I have the following dataset:
date event next_event duration_Minutes
2021-09-09 22:30:00 1 2021-09-09 23:00:00 30
2021-09-09 23:00:00 2 2021-09-09 23:10:00 10
2021-09-09 23:10:00 1 2021-09-09 23:50:00 40
2021-09-09 23:50:00 4 2021-09-10 00:50:00 60
2021-09-10 00:50:00 4 2021-09-12 00:50:00 2880
The main problem is that I would like to split the multi-day events into separate events in the following way. I would like to have the event duration from 2021-09-09 23:50:00 until 2021-09-10 00: 00: 00 and then the duration from 2021-09-10 00: 00: 00 to 2021-09-10 00:50:00, and so on. This would be useful because after, I would need to group the events by day and calculate the duration of the each event by day, so I would like to fix these situation in which there is the day change between events.
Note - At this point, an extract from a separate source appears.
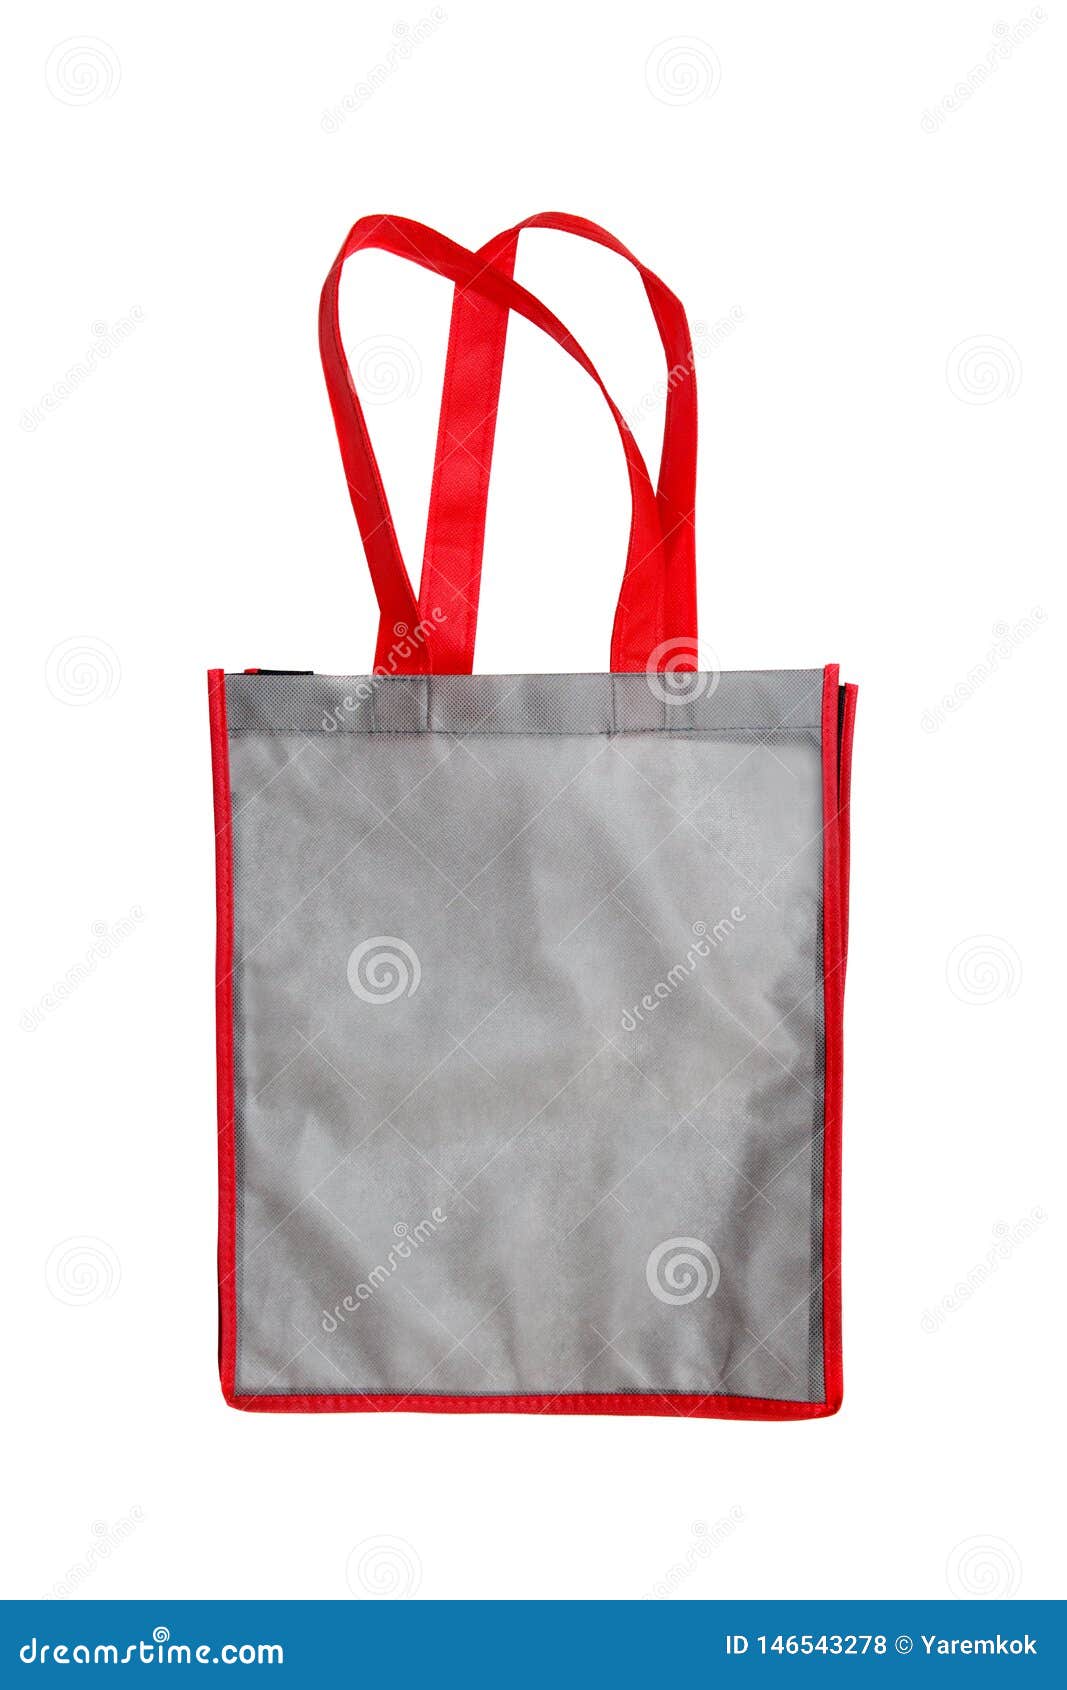 Download Grey Fabric Canvas Bag For Shopping Isolated On White ...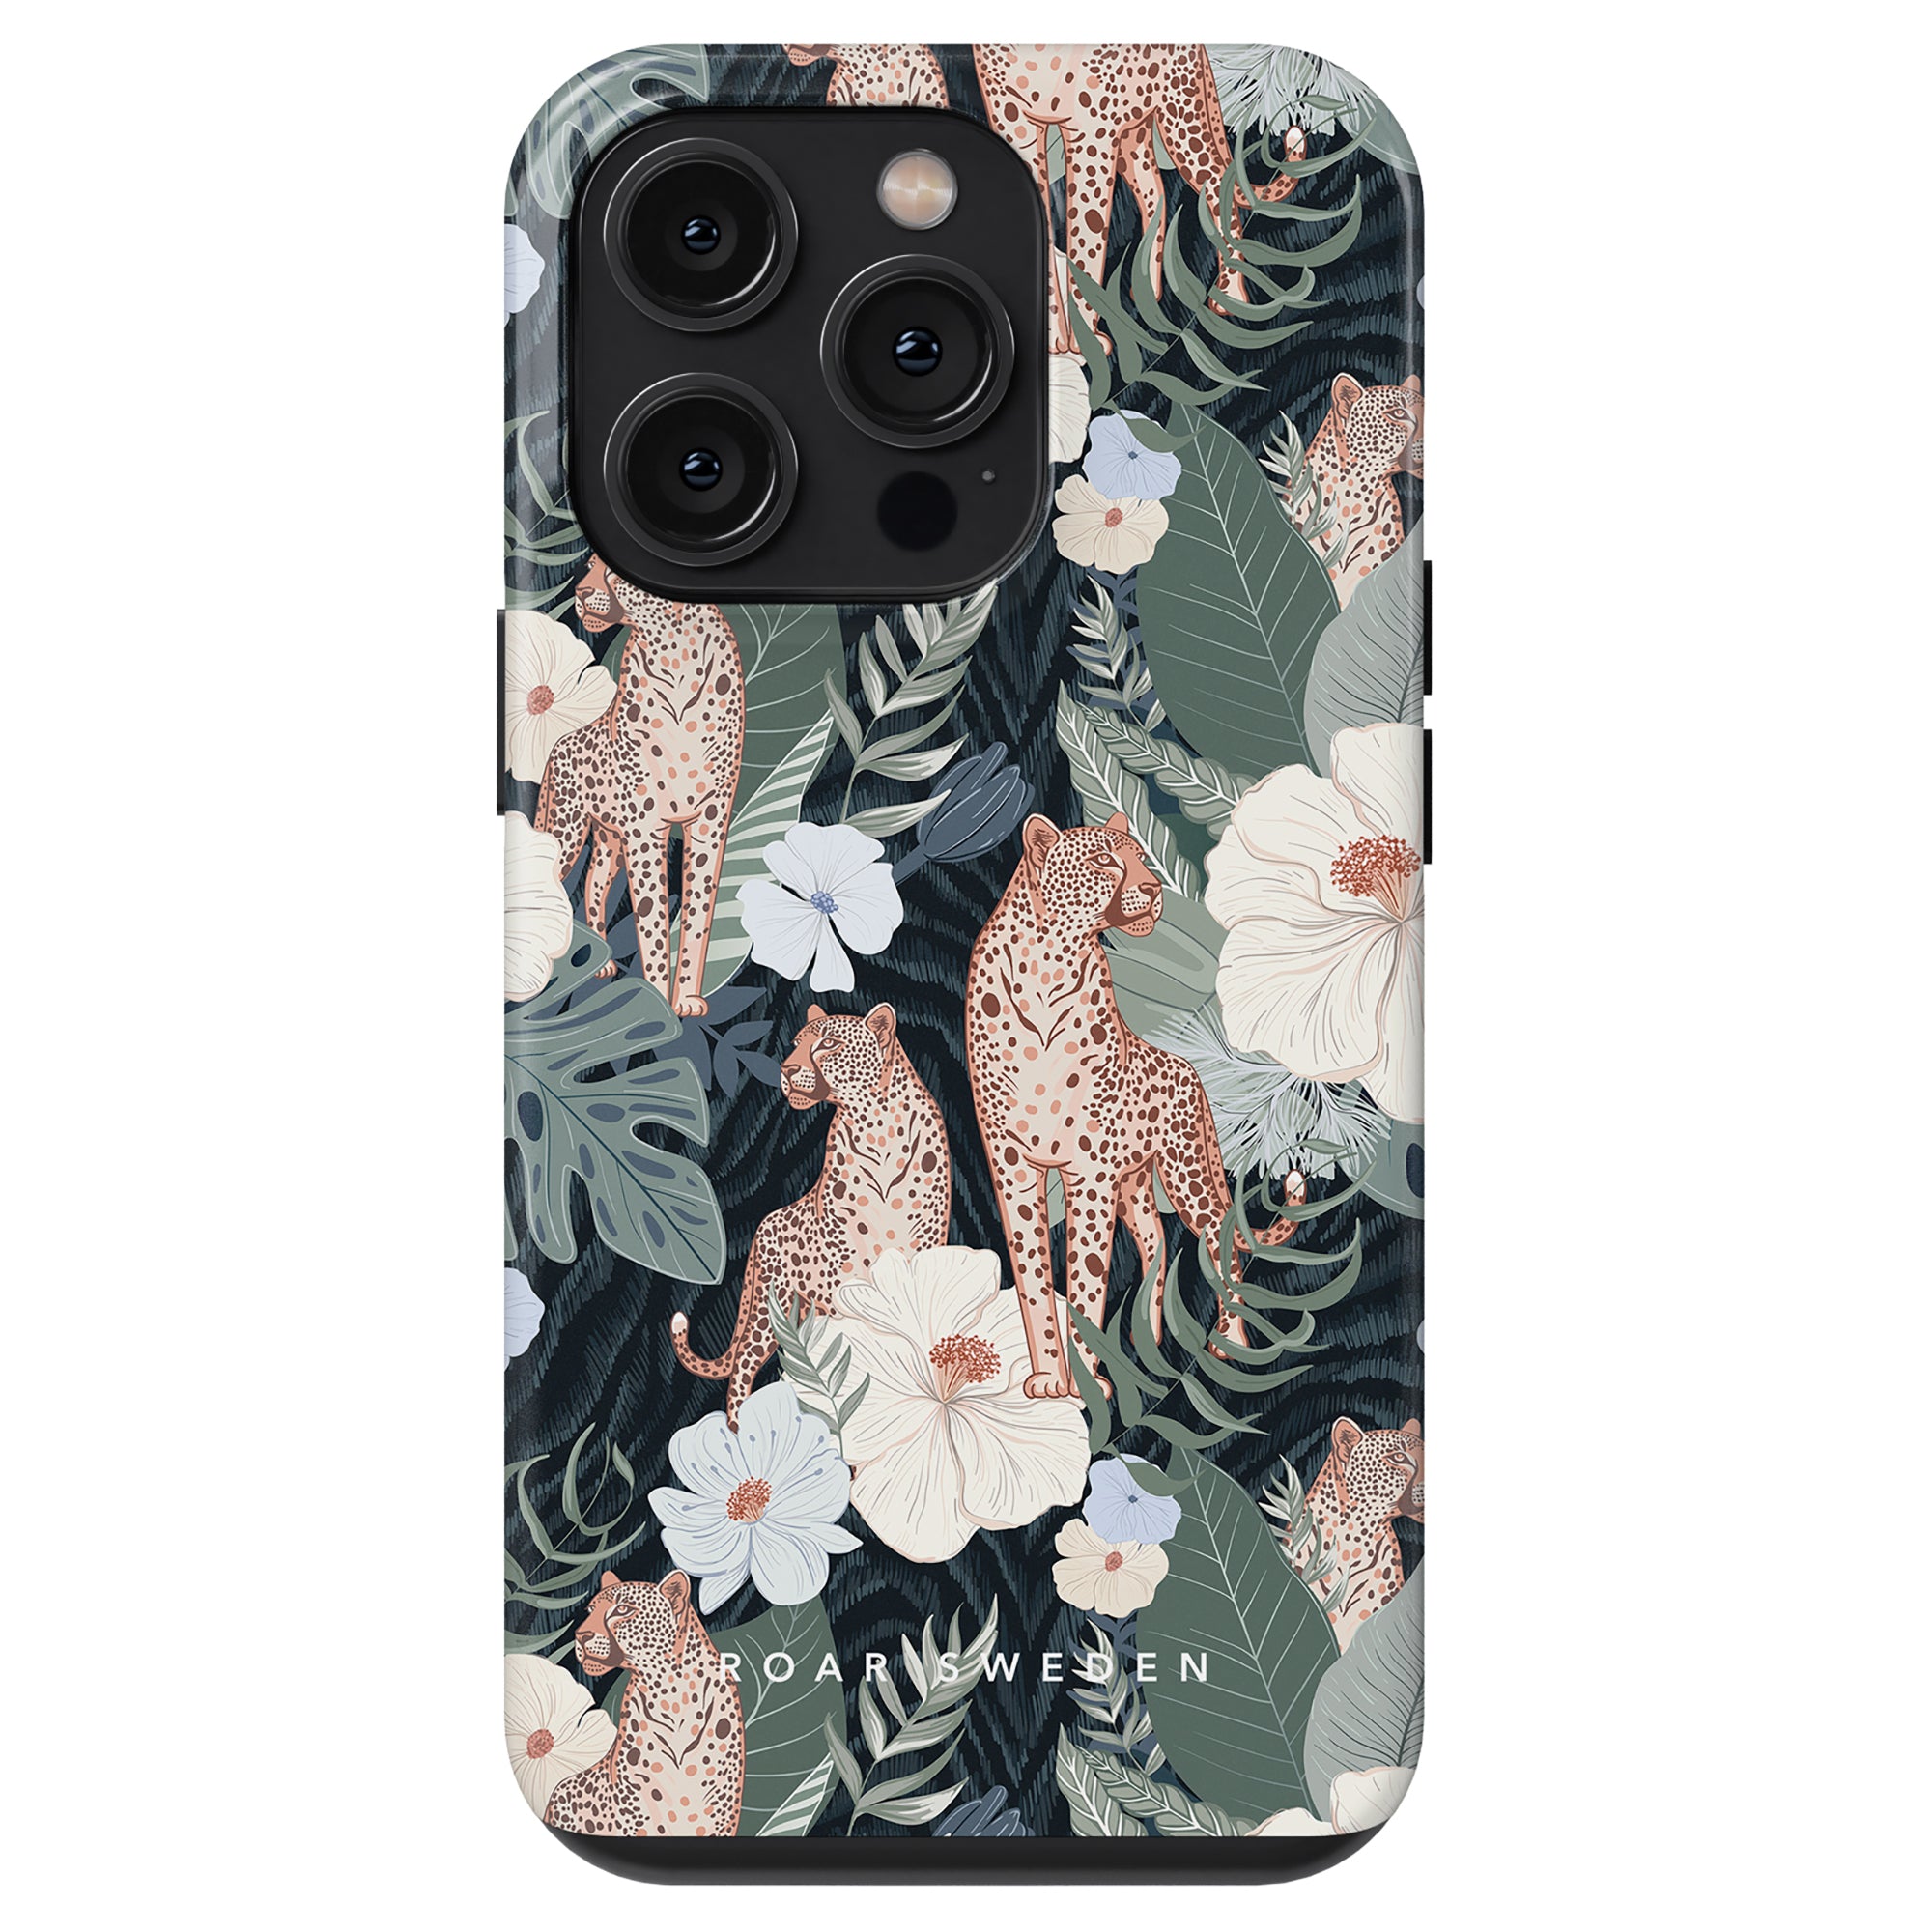 A Leopardess - Tough Case with a jungle-themed design, featuring leopards and floral patterns from our exclusive Leopard Collection.

I would like to obtain something like this:
date event next_event duration_Minutes
2021-09-09 22:30:00 1 2021-09-09 23:00:00 30
2021-09-09 23:00:00 2 2021-09-09 23:10:00 10
2021-09-09 23:10:00 1 2021-09-09 23:50:00 40
2021-09-09 23:50:00 4 2021-09-10 00:00:00 10
2021-09-09 00:00:00 4 2021-09-10 00:50:00 50
2021-09-10 00:50:00 4 2021-09-11 00:00:00 1390
2021-09-11 00:00:00 4 2021-09-12 00:00:00 1440
2021-09-12 00:00:00 4 2021-09-12 00:50:00 50
It should be able to handle situations in which we don't have an event for an entire day or more like in the example.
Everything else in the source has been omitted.